Focal loss (FL) [24] can be understood as a form of binary cross-entropy. It reduces the importance of simple instances, letting the model devote more time and energy to mastering complex ones. It is effective when there is a significant imbalance between the classes. The formula for focal loss is given in Equation (5)

F L (p t) = - α t {(1 - p t)}^{γ} \log (p t)

(5)

where

{(1 - p_{t})}^{γ}

is the modulating factor. Here,

γ

> 0, and when

γ

= 1, the focal loss will be the same as the cross-entropy loss. Similarly,

γ

can be set by the inverse class frequency or used as a hyperparameter with a typical range of [0, 1].

3.2.3. Dice Loss

In computer vision, the Dice coefficient is a metric utilized extensively to calculate the degree of similarity between two images. In the latter half of 2016, it was also adapted as a Dice loss function [25]. The formula for Dice loss is given in Equation (6).

F D L (y, \hat{p}) = 1 - \frac{(2 y \hat{p} + 1)}{(y + \hat{p} + 1)}

(6)

In this case, 1 is added to both the numerator and denominator to prevent the function from being undefined in exceptional cases like

y = \hat{p} = 0

.

4. Hyper-Dense VGG16 U-Net Segmentation Proposed Model

In various computer vision problems, shortcut connections between layers have become increasingly popular since the emergence of residual learning [26]. Unlike in conventional networks, these links back-propagate gradients immediately, which helps prevent gradient-vanishing issues and allows for more complex architectures. The idea of shortcut connections was expanded upon by DenseNet [27], which specified that each layer’s inputs should correspond to the outputs of all layers that came before them. Densely connected convolutional neural networks (CNNs) are built using the feed-forward principle, which entails adding direct connections from any layer to all succeeding layers. Deep networks are more accessible and more accurate to train because of this connectivity. This section proposes independently expanding U-Net to support DenseNet connections within the same multiple N streams of PET and CT modalities. Higher level layers of the proposed extension will also use the late fusion strategy.

The inspiration for this comes from three separate observations. First, all architectural feature maps are connected by short paths, enabling implicit deep supervision. Second, the network’s information and gradients are better able to flow because of the direct connections between all layers. Finally, the regularizing effect of dense connections makes it less likely that training data will be too small for a given task.

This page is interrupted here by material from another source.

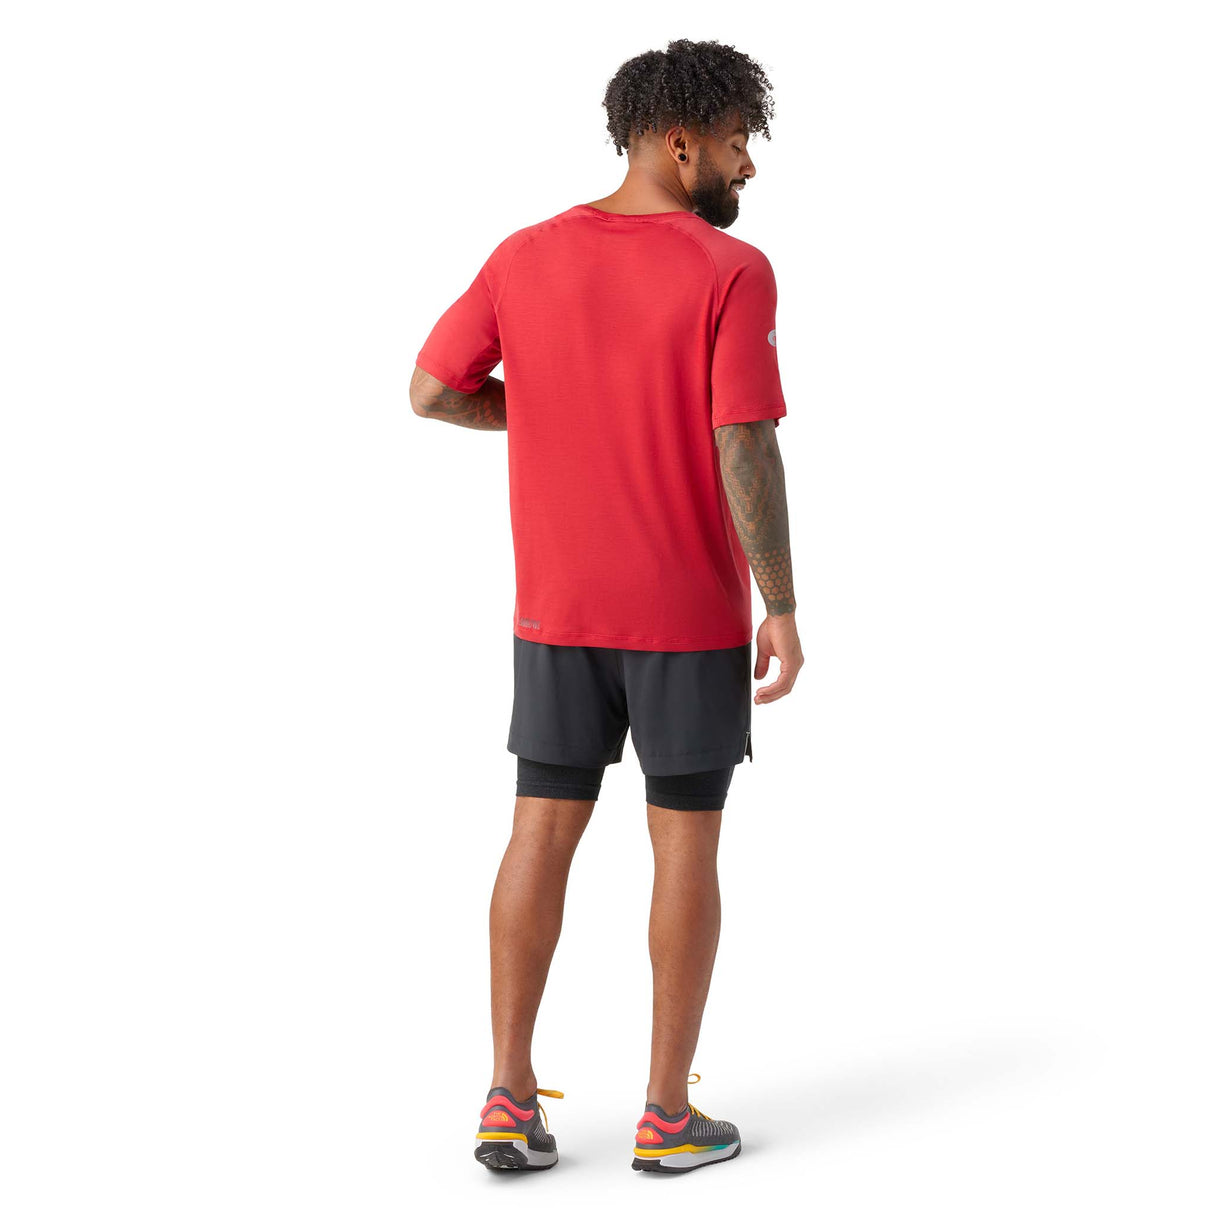 Smartwool Merino Sport 120 t-shirt à manches courtes homme rouge rythmique dos

Using dense and hyper-dense connections has been demonstrated to have many benefits when segmenting medical images. More information can be gleaned from medical images when the VGG architecture is used for feature extractions. We propose a multimodality U-Net medical image segmentation model using hyper-dense connections and the VGG16 model.

Our primary objective was to refine an existing deep-learning model for lung cancer segmentation. To do this, we modified the U-Net design and used it as the starting point. The encoder and the decoder are both CNNs, making up the basic U-Net architecture. The encoder extracts features by first performing convolutional operations and then down-sampling. The usual convolutional processes follow the up-sampling and concatenation layer of the decoder branch. Connecting feature maps from the encoder network is made possible via a skip link that connects the same-level layers of the decoder and encoder, with the up-sampled feature map conveying coarse global context information. This helps with recovering local characteristics after down-sampling.

According to this model, U-Net takes data via two distinct input paths, one for each image type. The architecture of both paths is VGG16, with dense and hyper-dense connections between them. This architecture was proposed so that image classification and segmentation tasks may take advantage of VGG, dense, and ultra-dense networks. The suggested VGG16 U-Net model’s components are given in Figure 8.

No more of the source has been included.